I am not terribly close to much of my family. Part of this is my unwillingness to get close to anyone and part of this is due to their treatment of me in the past. When my parents found out that I am transgender, for instance, I was disowned for nearly five years.
I know that I have a different view of interpersonal relationships than most. I value what the relationship brings me and, these days, am very honest about what I am willing to bring to the table for the other person(s) involved. If there is not benefit to me, then I do not stick around long. If there is benefit, I will ensure that the other(s) involved get enough from me to make sure that such a relationship is worthwhile to them as well.
No relationship is sacred to me. There is no logic in keeping those around that are active drains on my well being. As such, not even family is guaranteed to remain in my good graces. Family is a mere product of chance. Family is a relationship that one is born into. I do not see the logic in conferring automatic respect and adoration simply because we share blood.

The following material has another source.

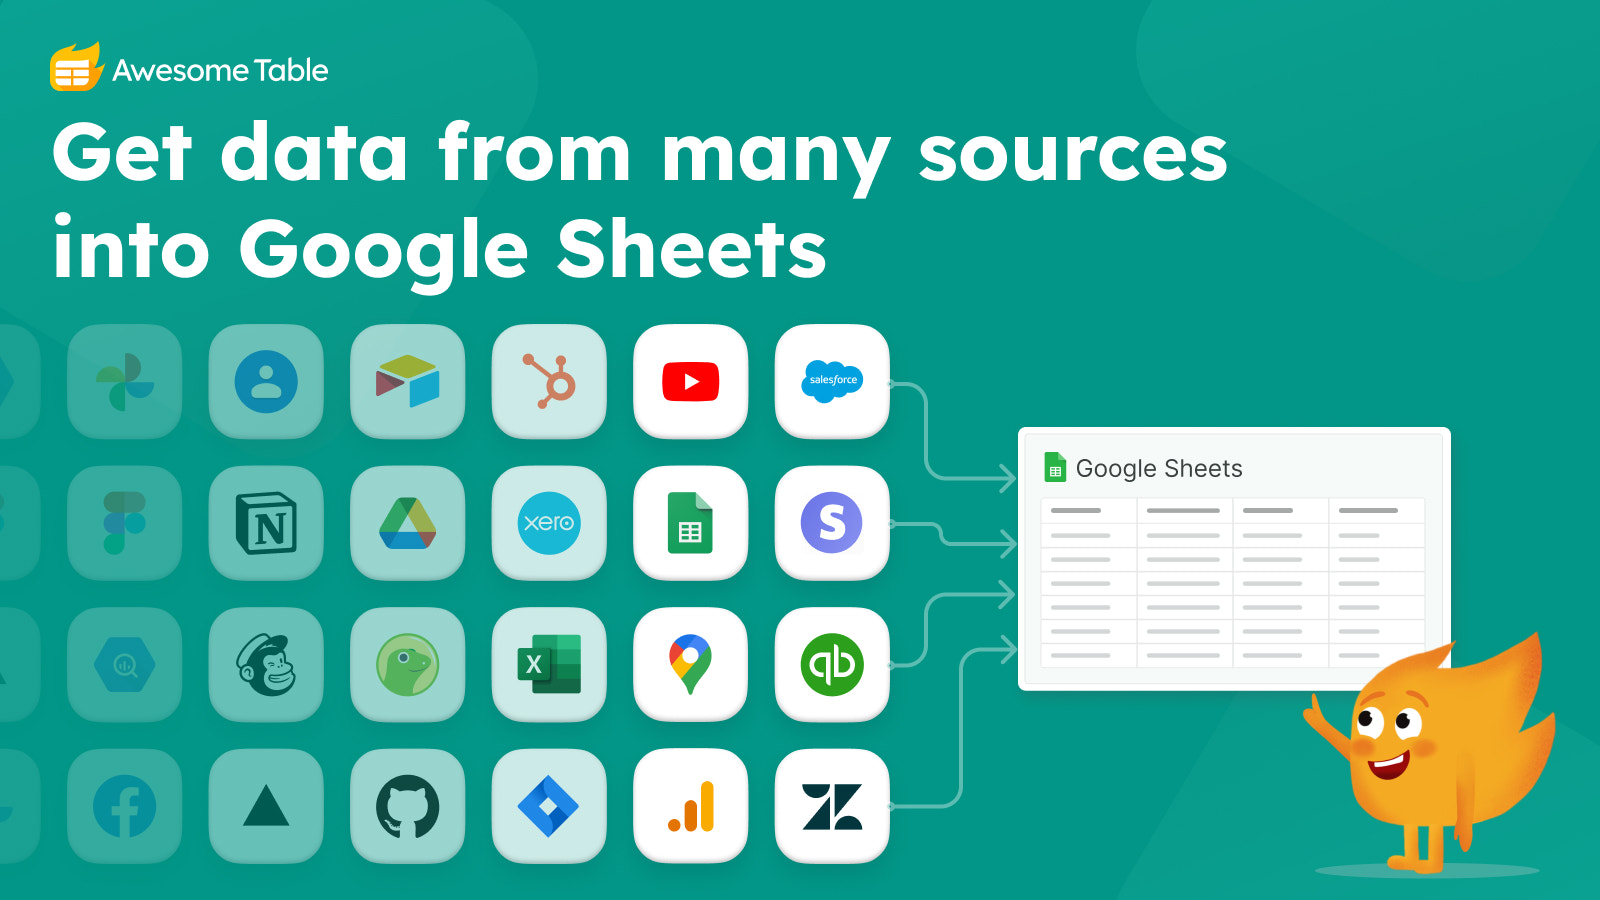 Importer data til Google Sheets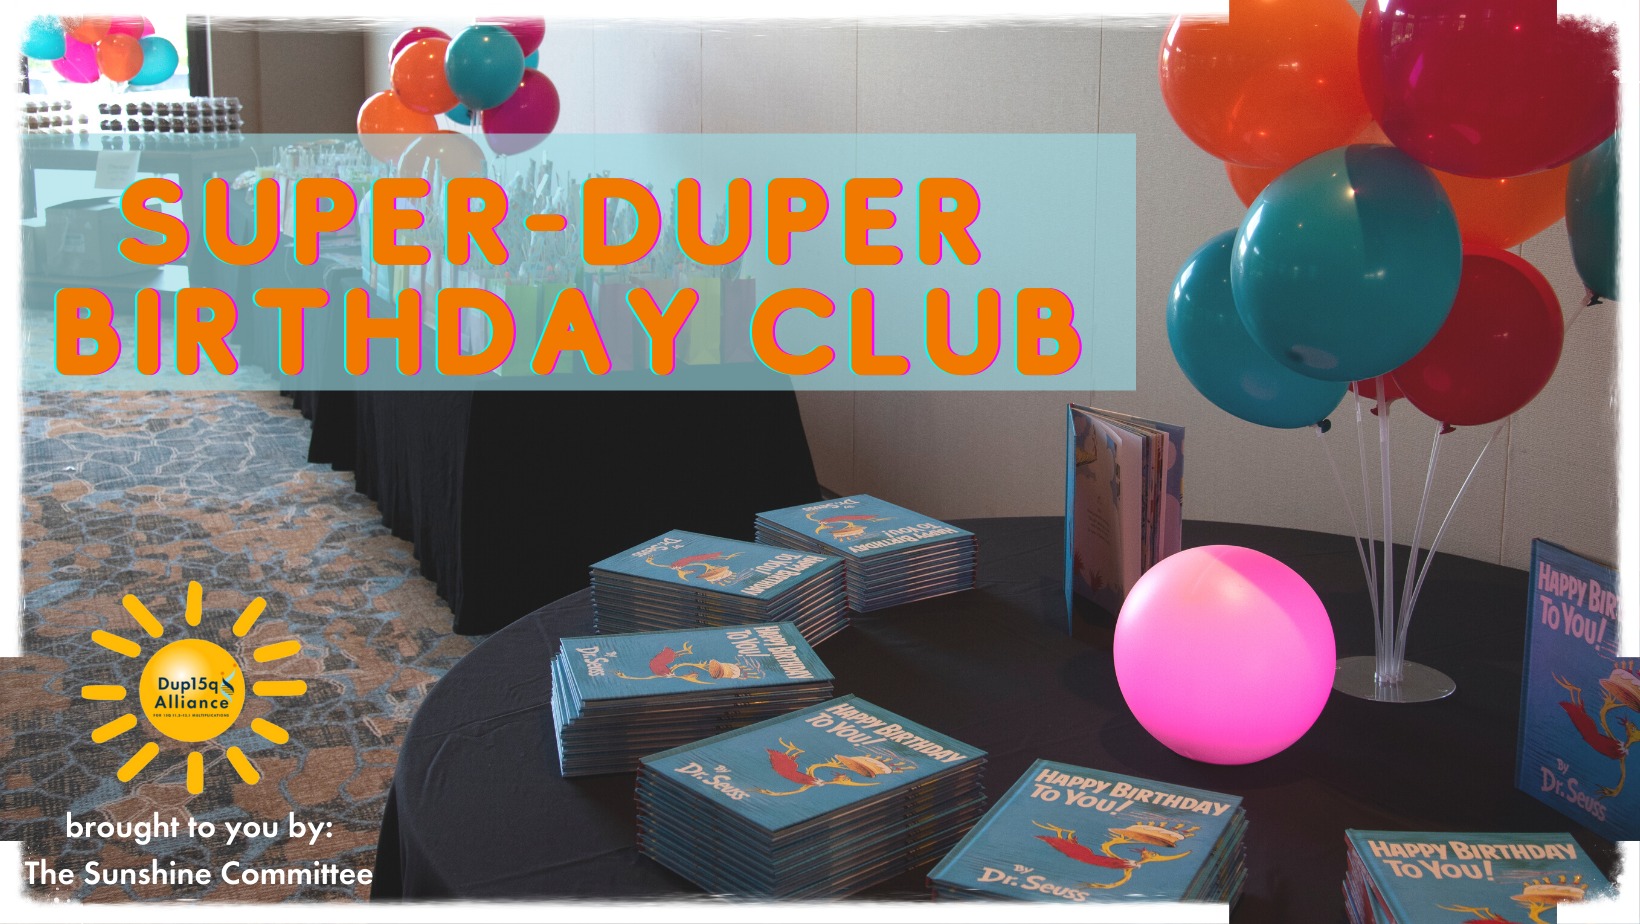 Super Duper födelsedagsklubb

From the pieces that I have gathered, it sounded like a relative was trying to steal money from my mother. I am not particularly attached to either, but I recognize bad behavior when I see it. I asked my brother what his thoughts were and he simply responded, “Yeah, it is a scum deal, but I can’t think ill of him (the relative); he’s blood.” Such a view simply does not compute.
I have ended interpersonal relationships before at the second that they no longer provide value to me. I will end many more for the same reasons. It simply will never make sense why some relationships are considered sacred even when there is evidence to the contrary. Blood is by chance, my respect is by choice.